The most common form of hydroxyapatite is hexagonal and the crystal structure has been described in the space group P 63/m with lattice parameters a = b = 9.432 Å and c = 6.881 Å, Z = 1. Stoichiometric OHAp has been described as monoclinic, space group P 21/b having cell parameters a = 9.4214 Å, b = 2a , c = 6.8814 Å, = 120°, γ with twice as many formula units per unit cell as in the hexagonal unit. Fluoroapatite is the most stable among the apatites. FAp is hexagonal with the space group P 63/m and lattice parameters, a = b = 9.367 Å and c = 6.884 Å, Z = 1. Chloroapatite has been described in the hexagonal space group P 63/m , with cell parameters, a = b = 9.598(2) Å, c = 6.776(4) Å, Z = 1. Substituted apatites: OHAp can incorporate a wide variety of substitutions for Ca2+, PO43-, and OH- ions. Biological apatites are rarely stoichiometric. They are usually calcium-deficient, and contain a wide variety of relatively small amounts of other substituent atoms or groups. Carbonate apatites: There are two generally accepted locations for the CO32- ion in the apatite lattice: One on the head axis at the OH- ion site (type-A) and the other for PO43- (type-B). Type-B substitution would require involvement of additional ions. Biological apatites are principally type-B carbonates, with small amount of type-A. However, the structure of carbonate-apatite remains controversial. Octacalcium Phosphate (OCP): The crystals are triclinic. Cells parameters a = 19.692 Å, b = 9.523 Å, c = 6.835 Å, and Z = 2. The structure of OCP has been described in terms of alternating apatitic and hydrated layers parallel to the (100) face. Closer examination of the structure reveals that the "hydrated layer" is only a hydrated region or a channel along the c-axis at the center of the unit cell, since the apatitic layers are held together by strong bonds involving the Ca3, Ca4, and the HPO42- groups along the a-axis. The structure of OCP has been described in terms of alternating apatitic and hydrated layers parallel to the (100) face. Regardless of the amount of water, this region provides an open channel along the c-axis for the transport of Ca2+ or other ions that can be incorporated into the resulting apatitic products during the transformation or hydrolysis of OCP. Tetracalcium Phosphates (TCP), tricalcium phosphates, and glaserite-type structures are members of the same family .

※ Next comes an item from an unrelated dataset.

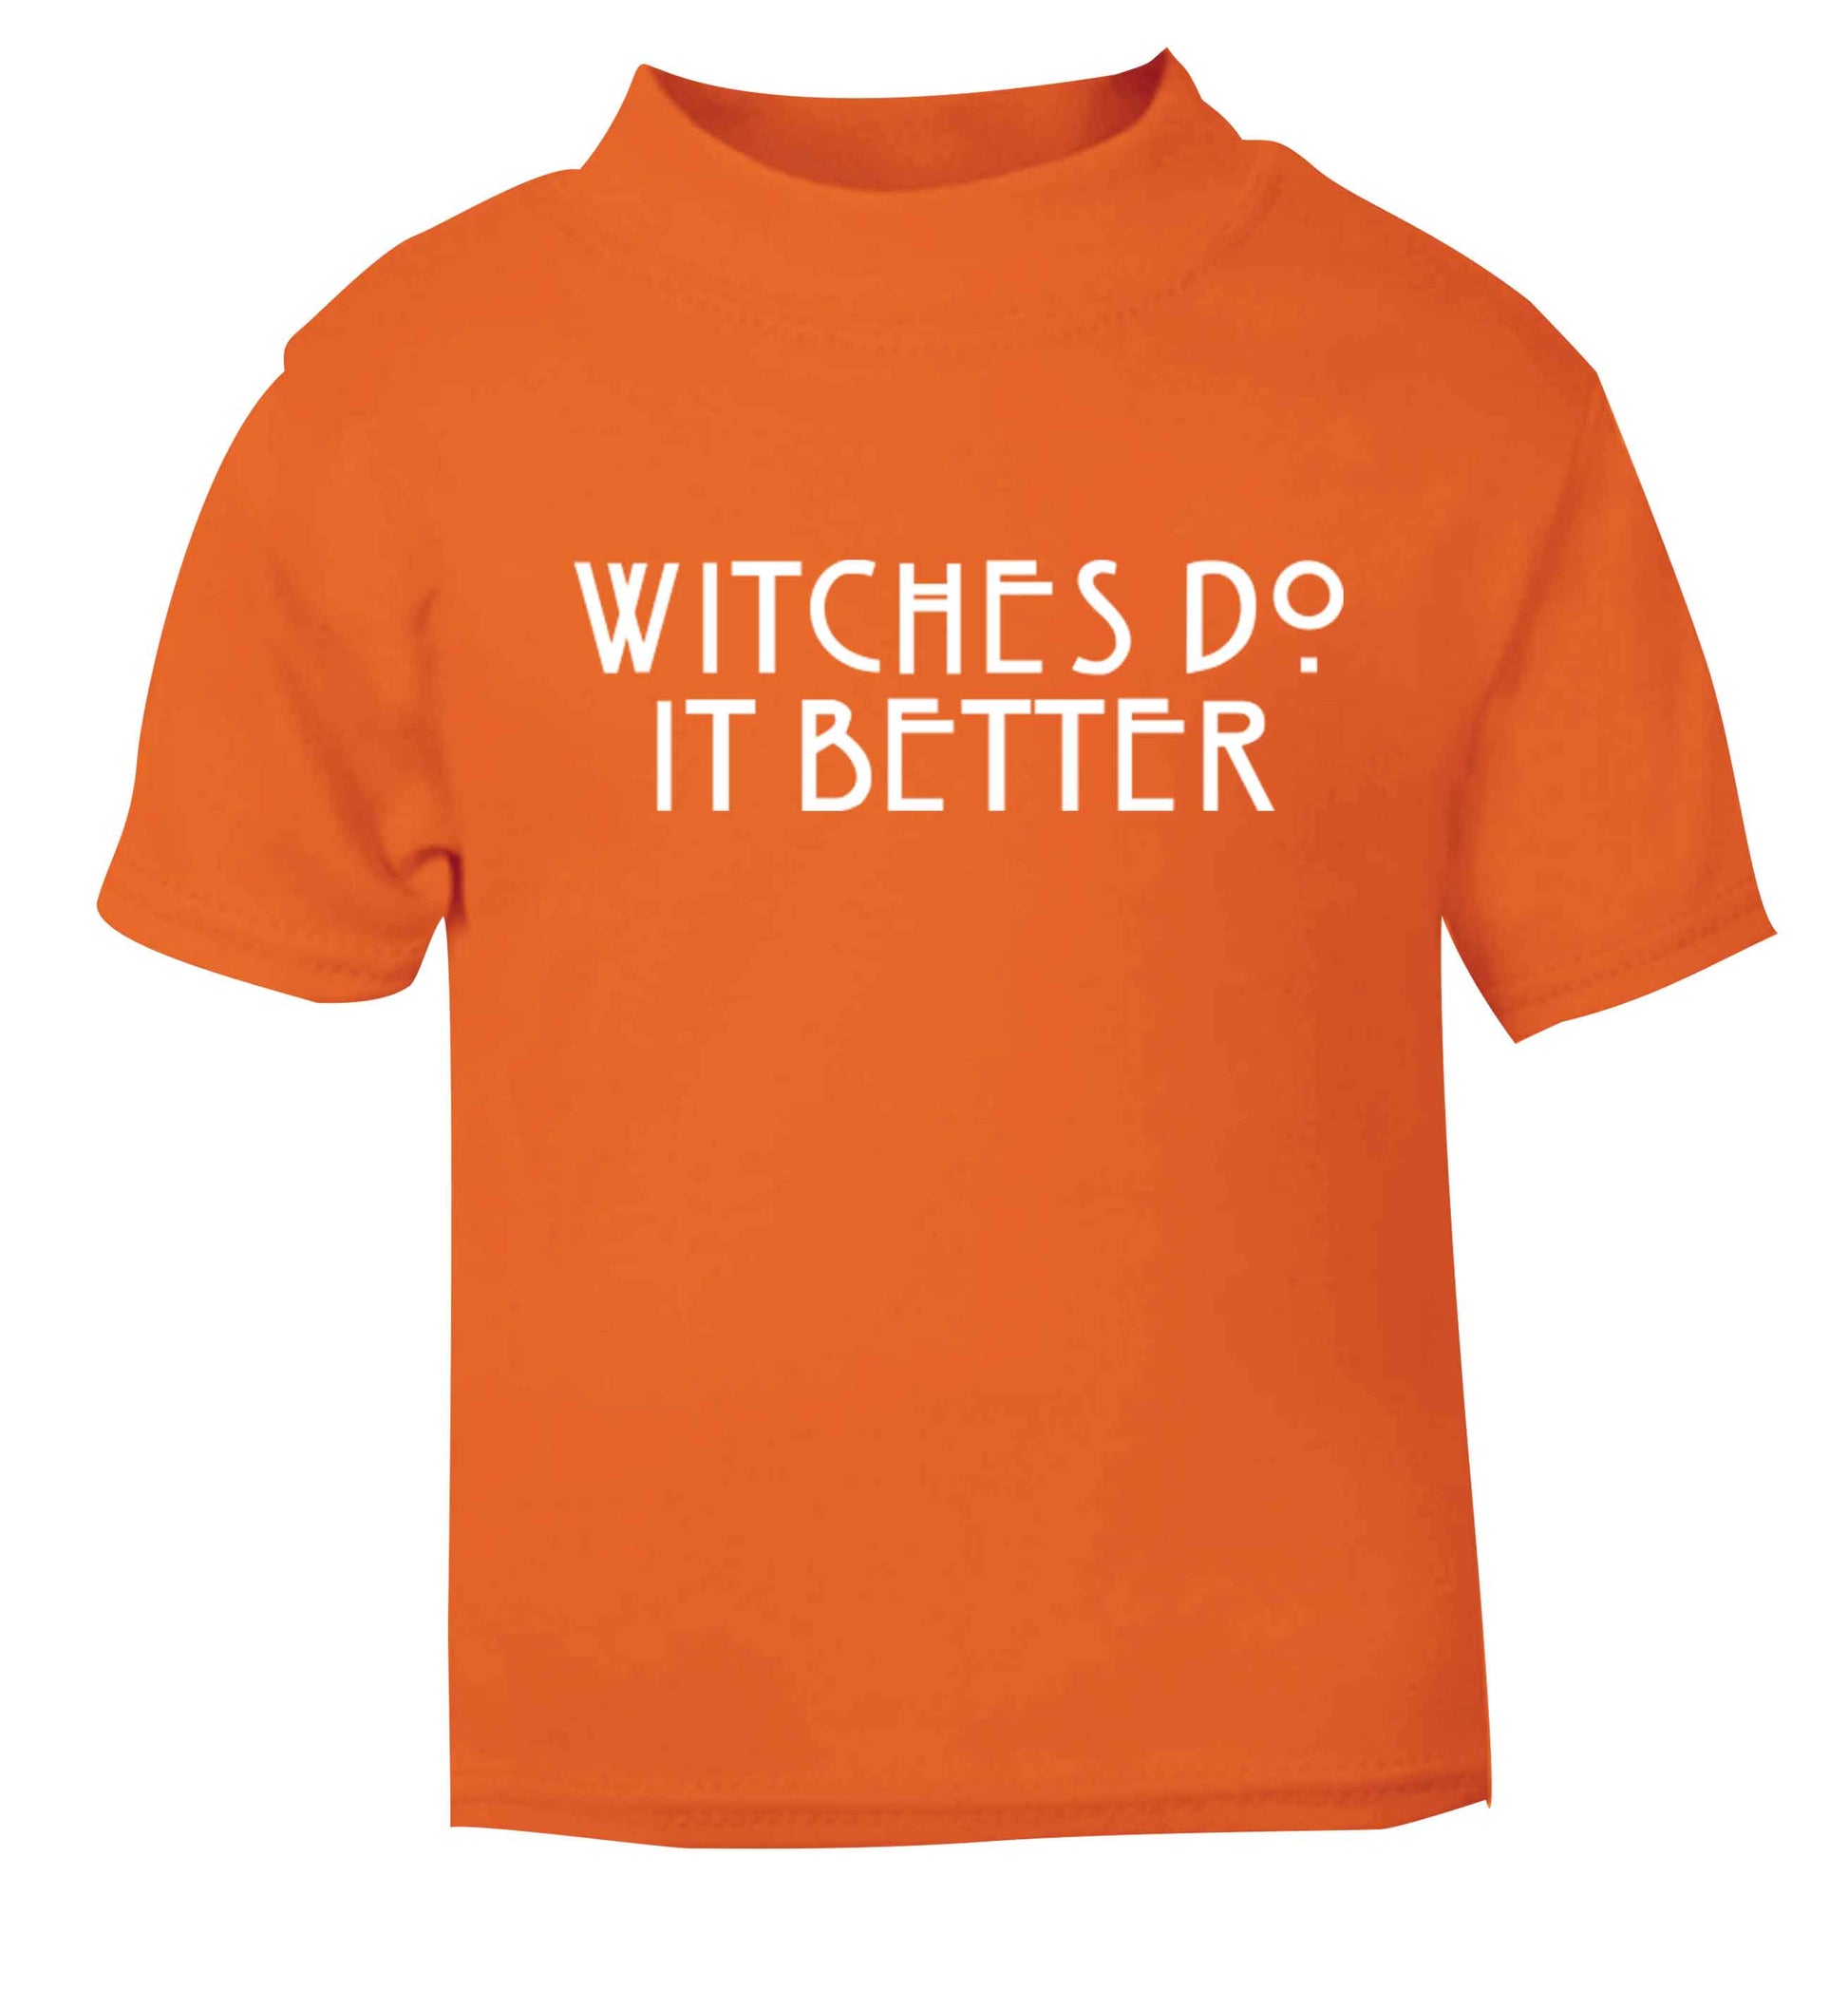 Witches do it better orange baby toddler Tshirt 2 Years

Interactions between fluoride and dental enamel are primarily active by lowering the solubility of the apatitic mineral phase of dental hard tissues. Fluoride present in the oral fluids alters the rate of naturally occurring dissolution and reprecipitation processes. During tooth dissolution, chemical changes occur. The solubility of enamel powder increases dramatically with a decrease of pH. A high concentration of fluoride in solution leads to low enamel dissolution. Occurring only in the solid phase, the solubility is only slightly affected. The enamel surface layer accumulating fluoride remains relatively intact, while the sub-surface enamel dissolves [4,8,9].

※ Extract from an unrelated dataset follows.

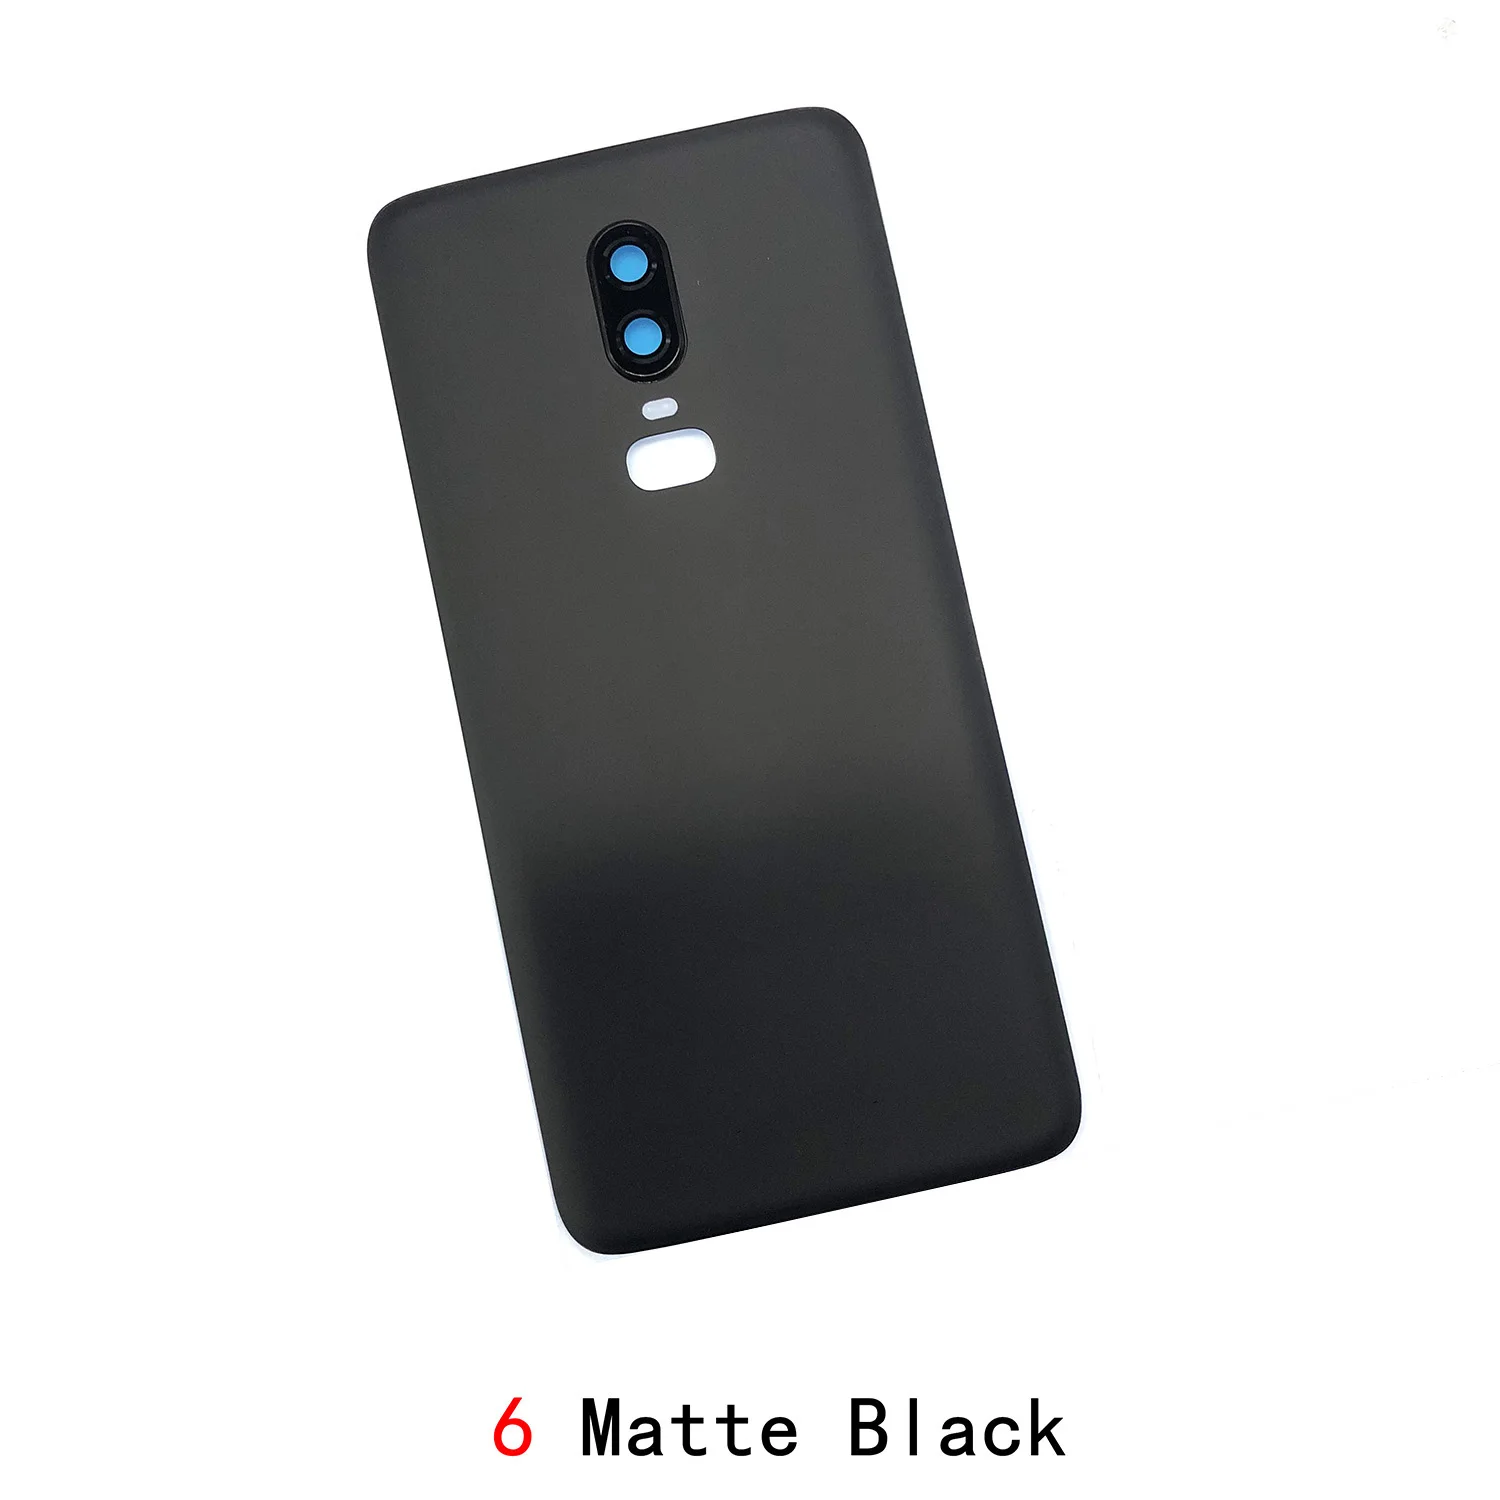 New For Oneplus 6 6T Battery Back Cover Housing Rear Door Case Replace Battery Cover With Camera Lens

Demineralization is inhibited by concentrations of fluoride in the sub-ppm range. Remineralization of incipient carious lesions is accelerated by trace amount of fluoride. The balance between de- and re-mineralization is favorably shifted by fluoride. It has been postulated that in the presence of fluoride ions the percentage of lattice surfaces participating in the crystal growth is increased, due to the greater thermodynamic driving force for precipitation; not only the most reactive surfaces, but also the whole crystal contributes to this increase. In conclusion, apatite precipitation was enhanced through the formation of Fluoroapatite (FAP).
There is an observed inhibitory effect of fluoride on remineralization to the above mentioned effects of fluoride on crystal growth. The remaining porosity of the surface layer is sufficient to allow mass transfer to the deeper regions.

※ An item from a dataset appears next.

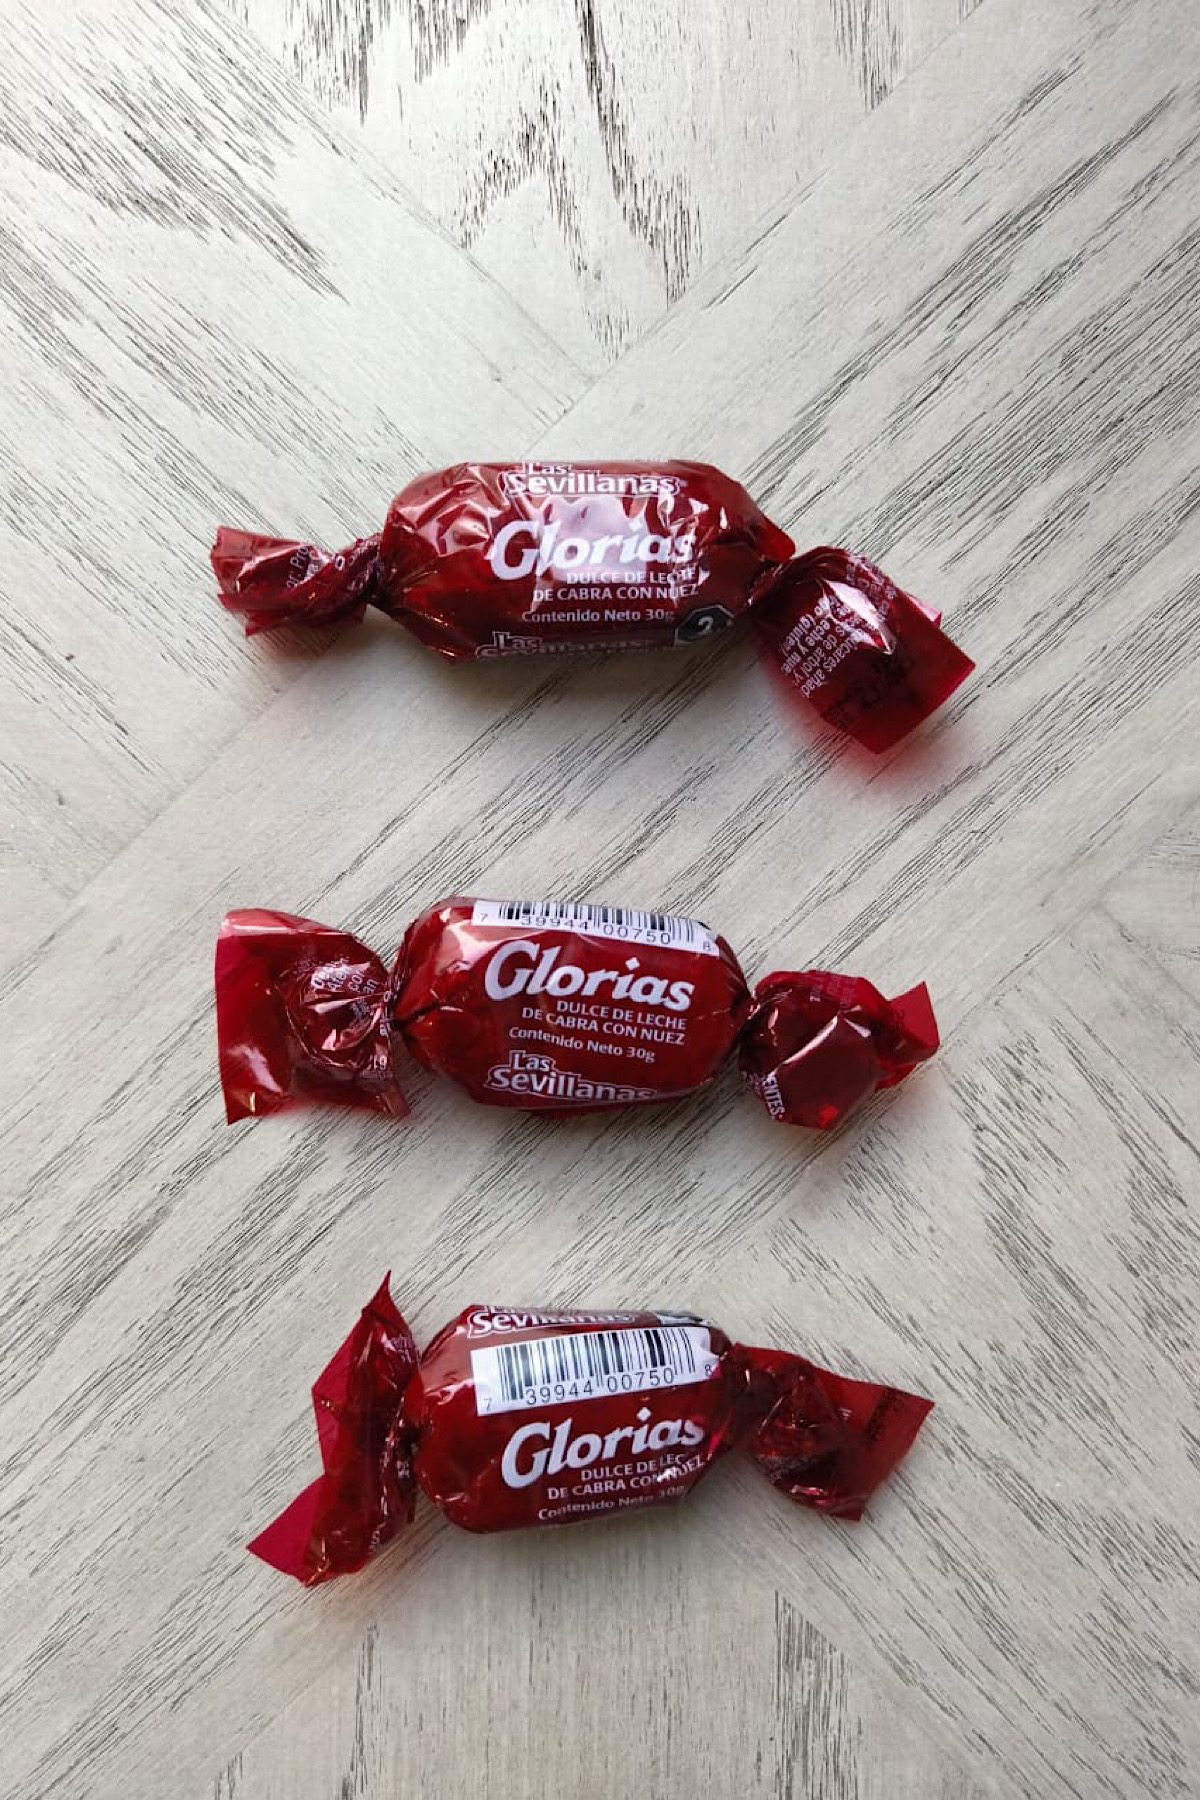 Glorias: The Best Mexican Candy

When fluoride is added to acidified buffers in order to induce an artificial enamel lesion, two phenomena are observed. First the rate of lesion formation is slowed down, and second fluoride has an effect on the histologic appearance of the lesions that develop. At calcium and phosphate concentrations in the demineralizing solution, significant inhibition was observed with solution fluoride concentrations of 0.2 to 2 ppm fluoride, for pH 5.0 to 4.0, respectively, in solutions less undersaturated with HAP (11.7 mmol/l Ca, 6.0 mmol/I PO4 at pH = 4.3) .
Compared to enamel composition, the mineral phase (apatite) decreases down to 70%. The water increases up to 10-12% and organic components account for 20%. The dentin crystallites have much smaller dimensions, compared to enamel crystallites. Carbonate, magnesium, sodium, potassium, chloride, fluoride, potassium, sulfur, copper, silica, iron, and zinc are all included in the mineral phase. The following weight and molar ratio for enamel and dentin are Ca:P (weight) 2.08/2.07, and molar for both are 1.64. The network of HAp forms a hexagonal mesh, parallel to the c-axis, leaving, as it is the case for enamel, open tunnels. The diameter of the tunnel varies between 3 and 3.5 Å [11,12]. They may contribute to substitutions in the apatitic network. Cation such as Ca2+ may be partially or totally substituted by Sr2+, Ba2+, Pb2+, or Mg2+. Anions of the PO43--type may be replaced by ions bearing the same charge (AsO43-, VO43-). OH- may be substituted by anions. This is the case for F-, Cl-, and Br-. Tunnels permit either anions or cations exchanges, or they allow the addition of ions to the crystal structure, and/or to the hydroxyapatite network.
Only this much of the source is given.